With the force values linearly correlated to weight, turning any force into a weight was going to be as simple as recording the force of known weights and creating a linear regression. It’d even be possible to use some statistics to predict how well the calibration went (there are many factors that can throw off a calibration). We opted to use coins for calibration, with a framework that made it easy to internationalize in the future.

Unsurprisingly1, the app was rejected.

To make a long story short the final answer over the phone was that the concept of a scale app was not appropriate for the App Store.

We were–and still are–bummed to say the least, but we understand some of the reasons Apple might not be allowing scale apps at this time.

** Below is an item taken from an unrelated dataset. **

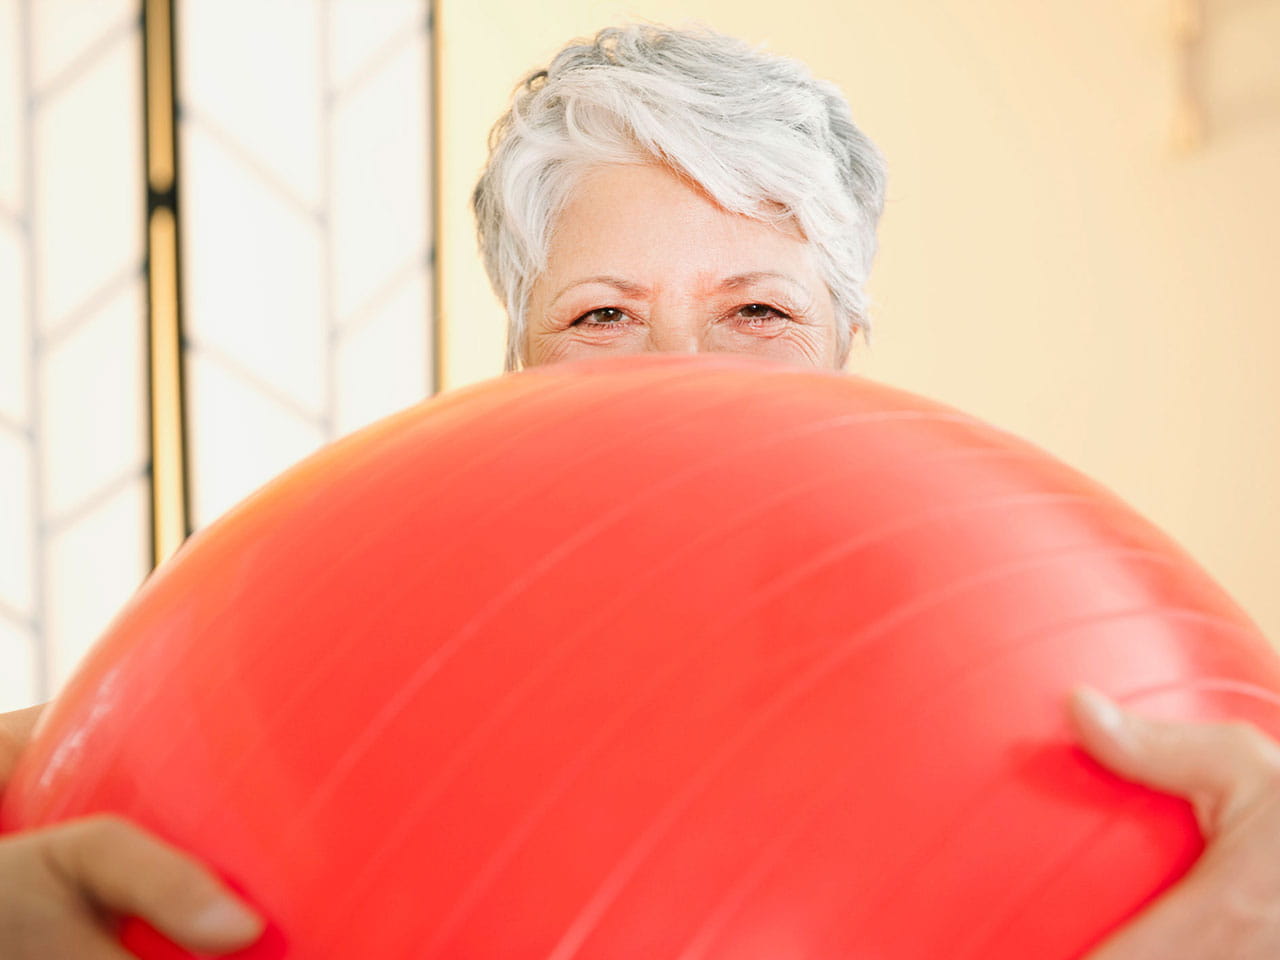 Grey haired lady holding gym ball with smiley eyes

To McLeod’s credit, he takes the rejection pretty well, even noting that apps that bend Apple’s API for unexpected uses often aren’t accepted right away. But it is a shame, because it’s a clever implementation and Apple should be encouraging developers to think outside the box.

Really, what Apple needs is a small group within the App Store review team to flag apps that are pushing the envelope in smart, respectful ways; work with those apps’ developers; and present overall recommendations to App Store leadership–perhaps even reporting directly to Eddy Cue. Blanket rejections get you nowhere, and they increase the frustration of developers who are legitimately trying to do cool things that delight users–just as Apple aims to do.


  1. And isn’t it sad just how unsurprising that is?